[Start of section]
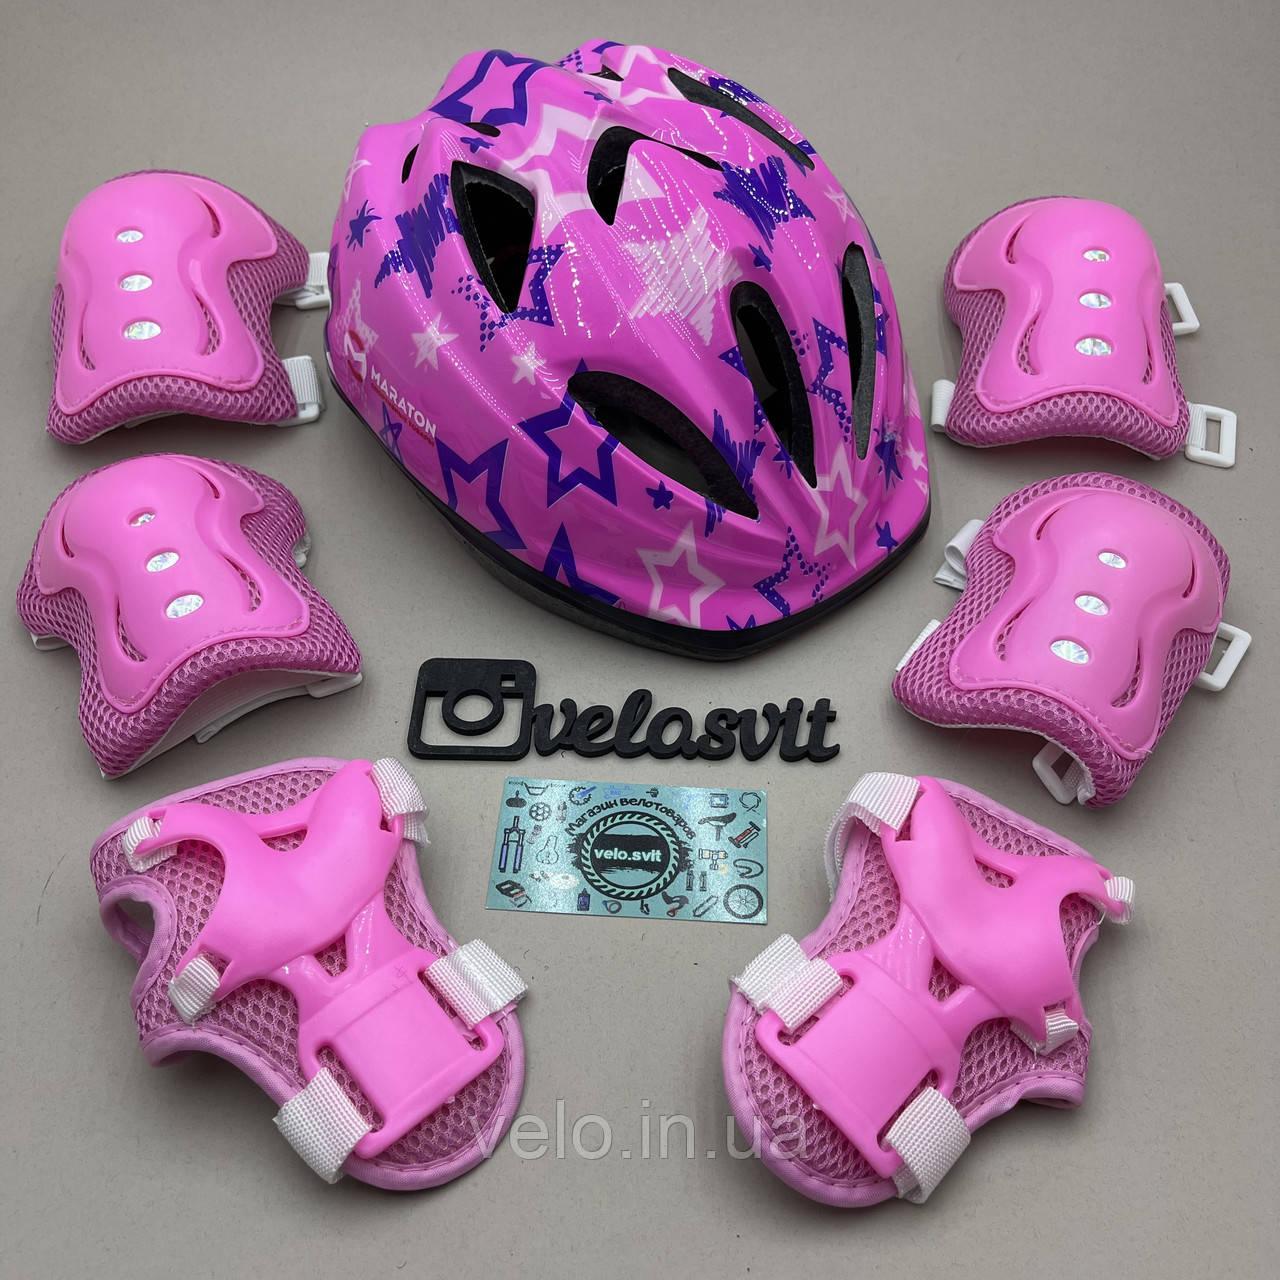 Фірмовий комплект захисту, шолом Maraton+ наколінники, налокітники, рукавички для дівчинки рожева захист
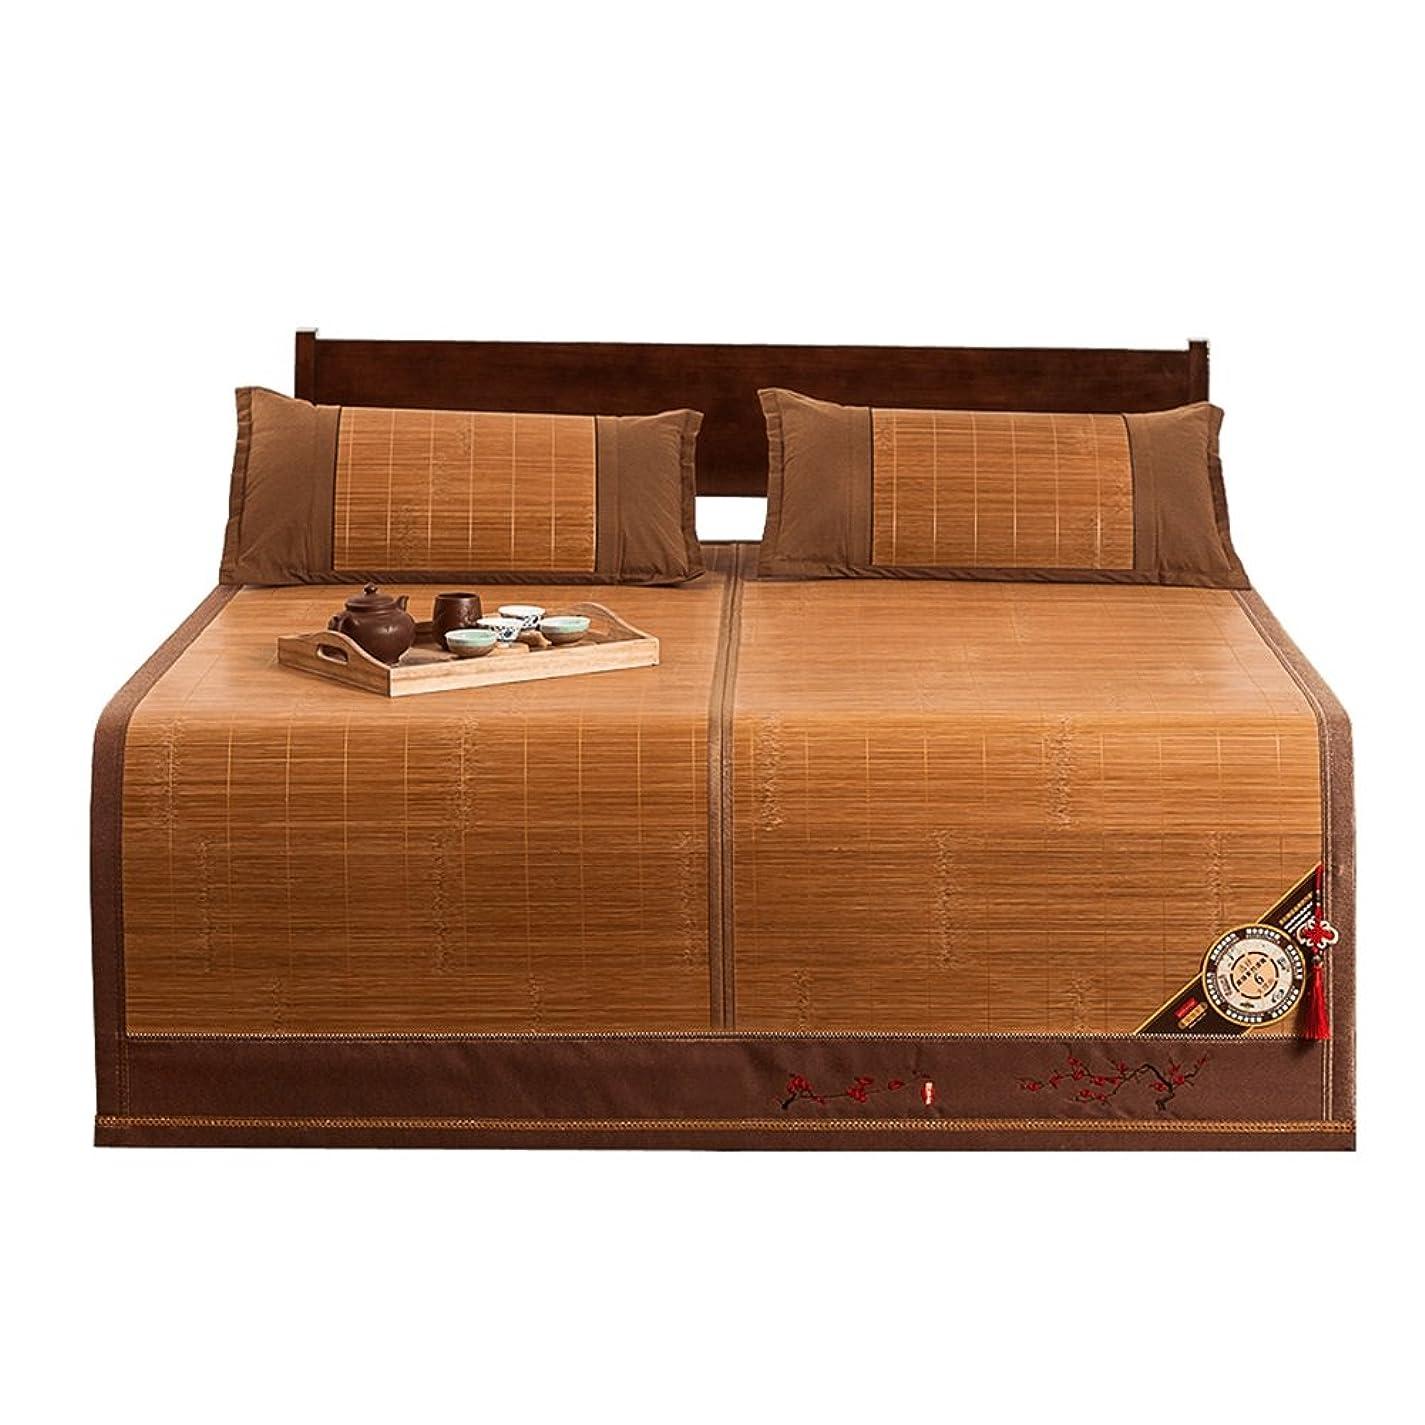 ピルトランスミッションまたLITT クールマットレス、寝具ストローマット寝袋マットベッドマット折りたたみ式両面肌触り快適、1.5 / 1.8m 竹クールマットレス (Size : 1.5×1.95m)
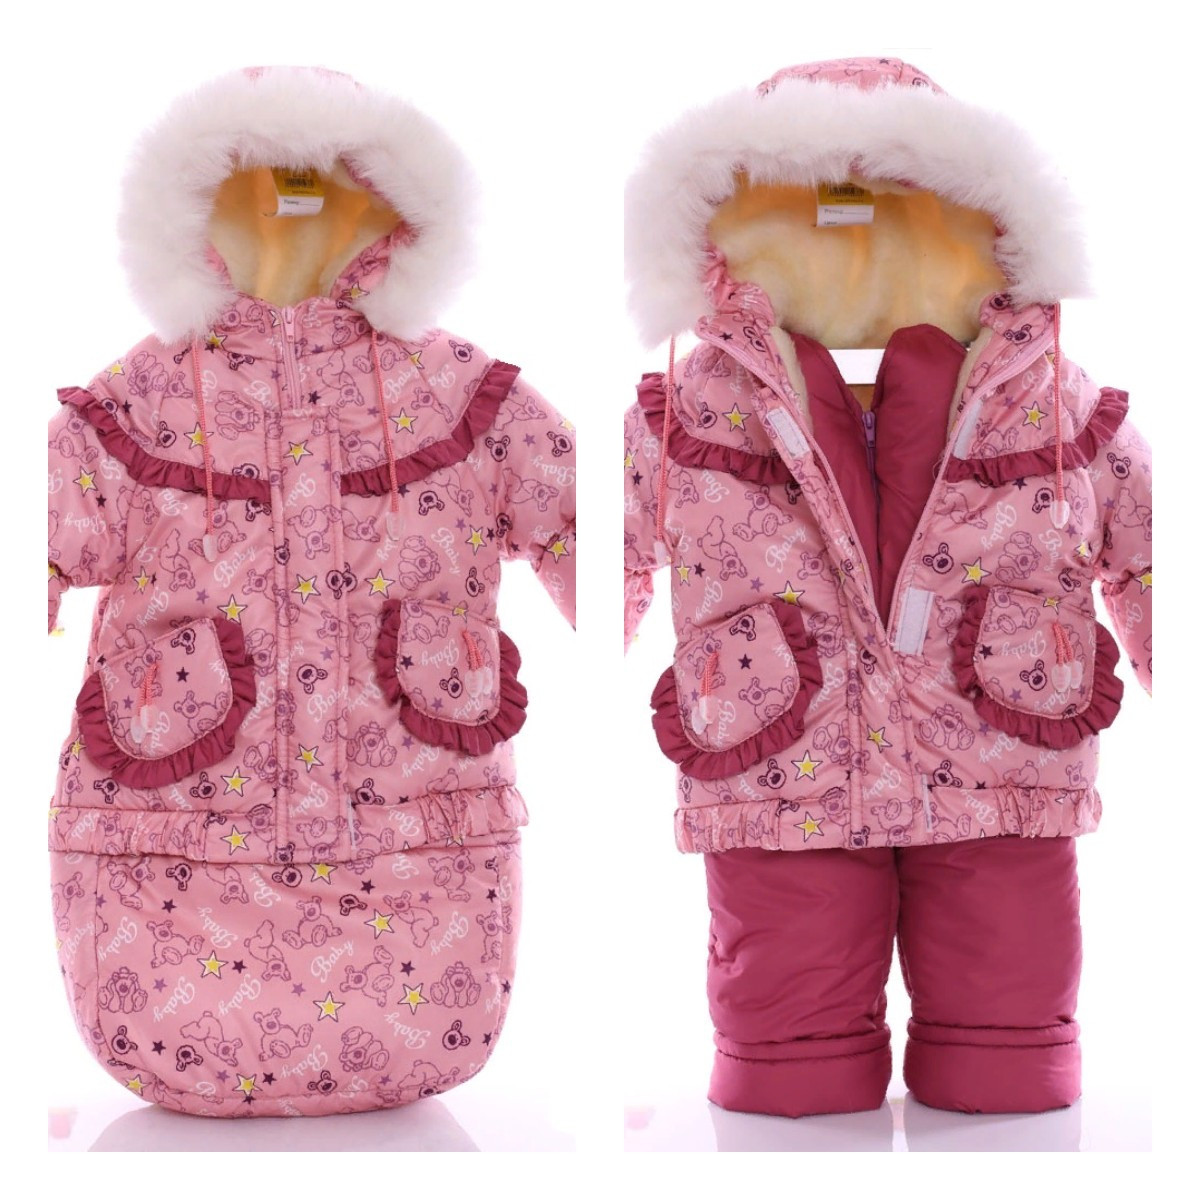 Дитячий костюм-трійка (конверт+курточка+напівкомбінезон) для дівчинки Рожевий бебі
[End of section]
» **What is required**:
Ending at the line with "(Size : 1.5×1.95m)", reproduce exactly the lines that begin at the top of the data, and include no pictures.

» **Output for this task**:
 Фірмовий комплект захисту, шолом Maraton+ наколінники, налокітники, рукавички для дівчинки рожева захист
 ピルトランスミッションまたLITT クールマットレス、寝具ストローマット寝袋マットベッドマット折りたたみ式両面肌触り快適、1.5 / 1.8m 竹クールマットレス (Size : 1.5×1.95m)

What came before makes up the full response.